TASK REQUIREMENTS
The listing below is to be written out word for word, minus its images.

DATASET CONTENT
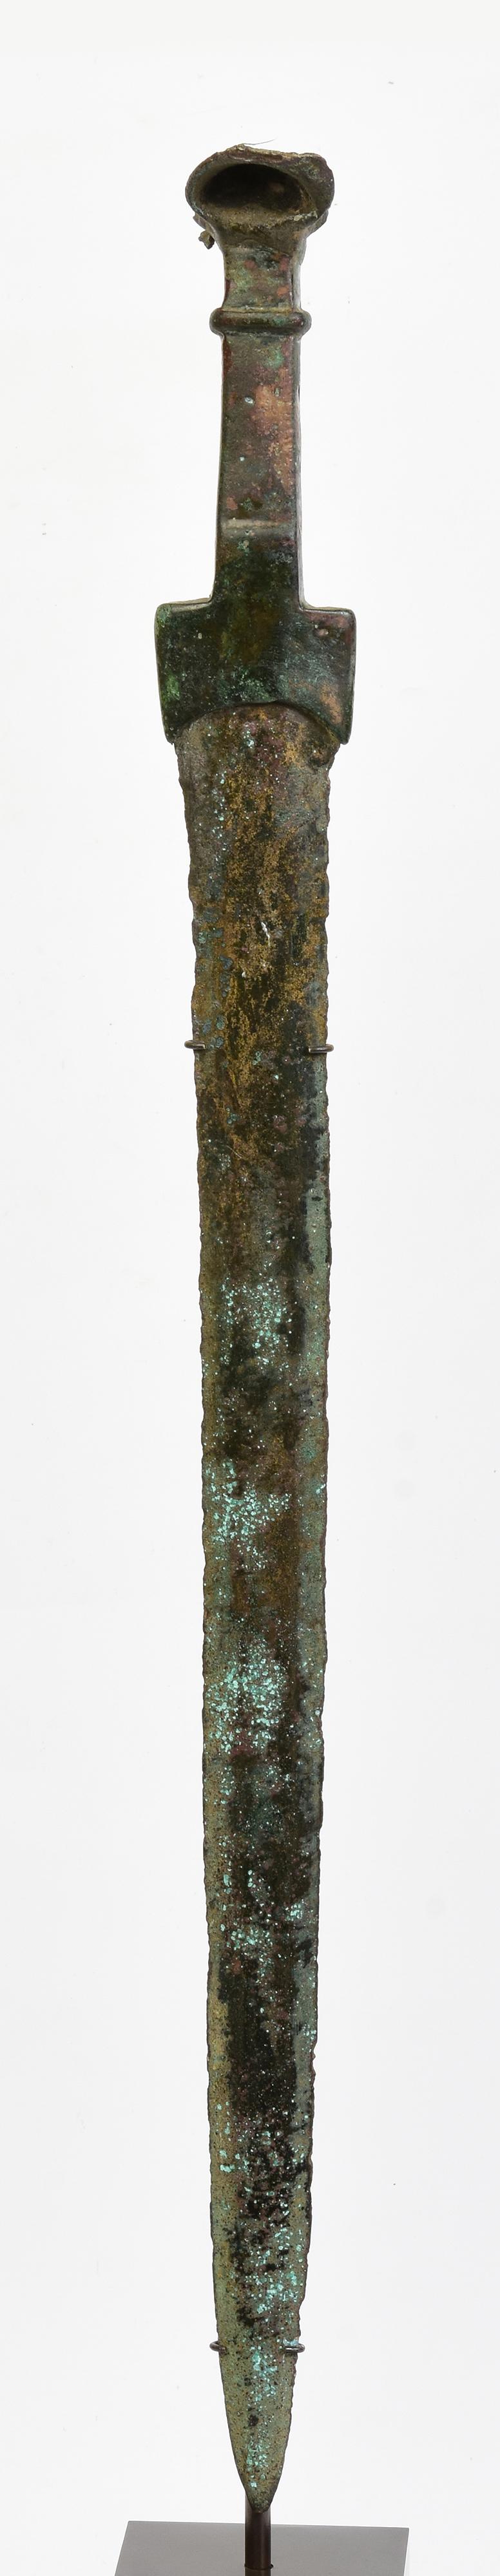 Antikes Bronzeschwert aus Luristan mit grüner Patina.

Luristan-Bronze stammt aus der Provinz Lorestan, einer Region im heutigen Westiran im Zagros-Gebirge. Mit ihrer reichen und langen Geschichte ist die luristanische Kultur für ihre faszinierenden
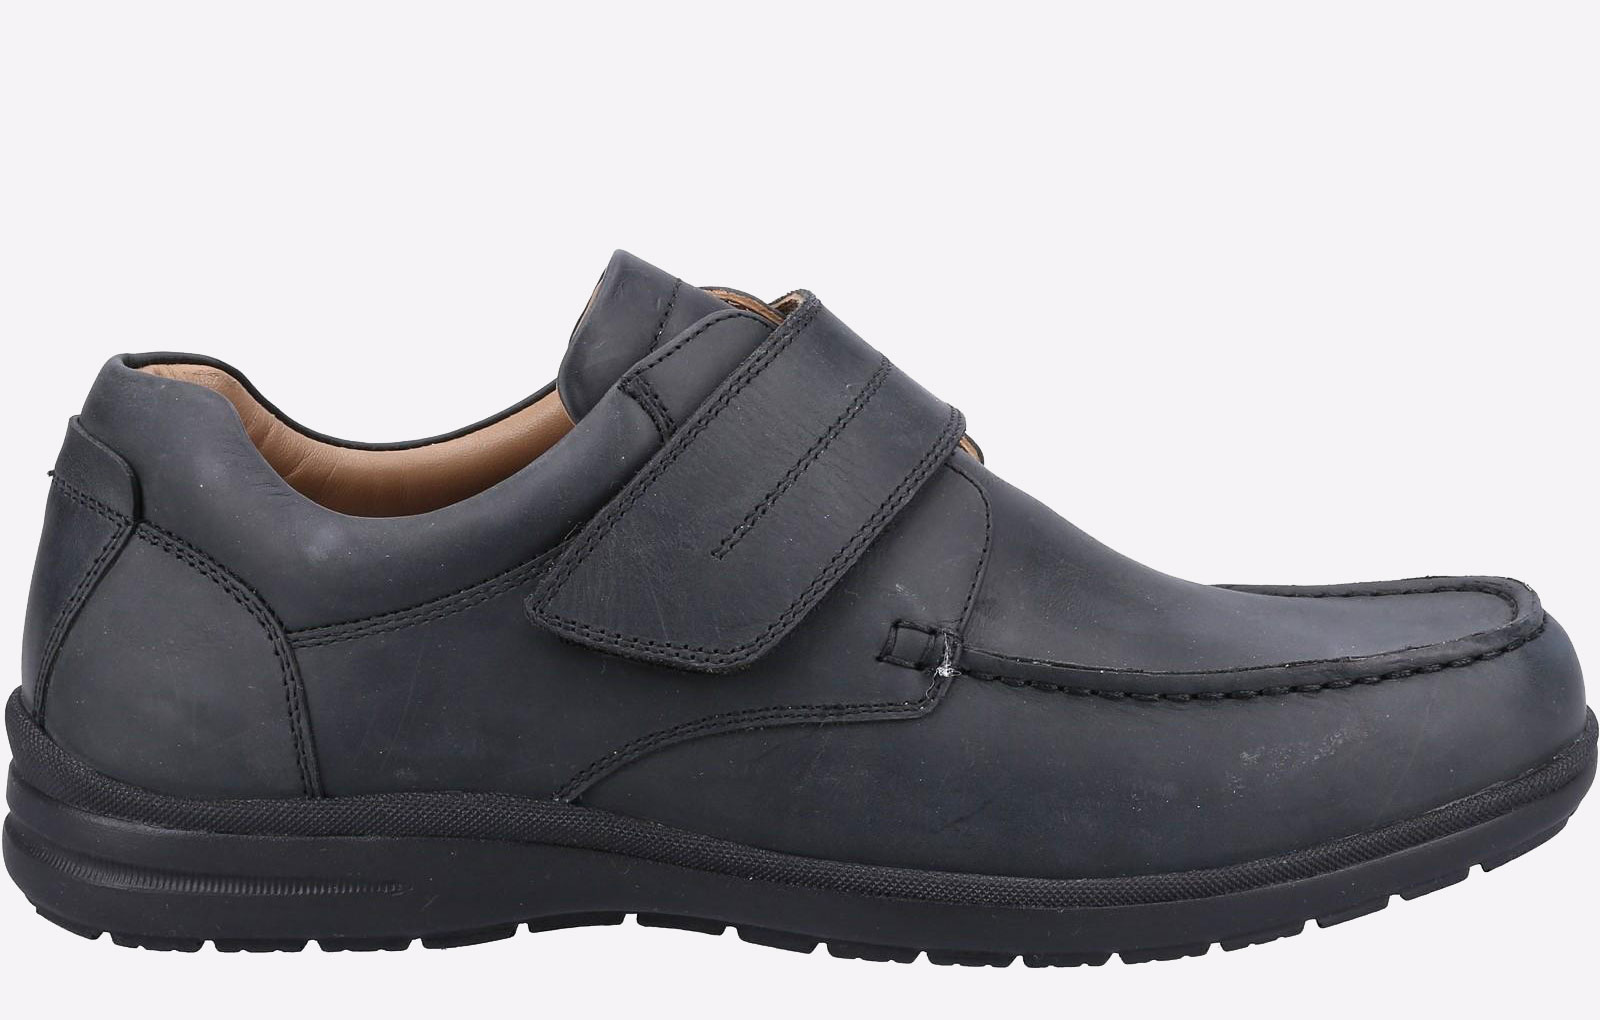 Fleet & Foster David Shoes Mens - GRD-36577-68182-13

REPLY
 Antikes Bronzeschwert aus Luristan mit grüner Patina.

Luristan-Bronze stammt aus der Provinz Lorestan, einer Region im heutigen Westiran im Zagros-Gebirge. Mit ihrer reichen und langen Geschichte ist die luristanische Kultur für ihre faszinierenden
 Fleet & Foster David Shoes Mens - GRD-36577-68182-13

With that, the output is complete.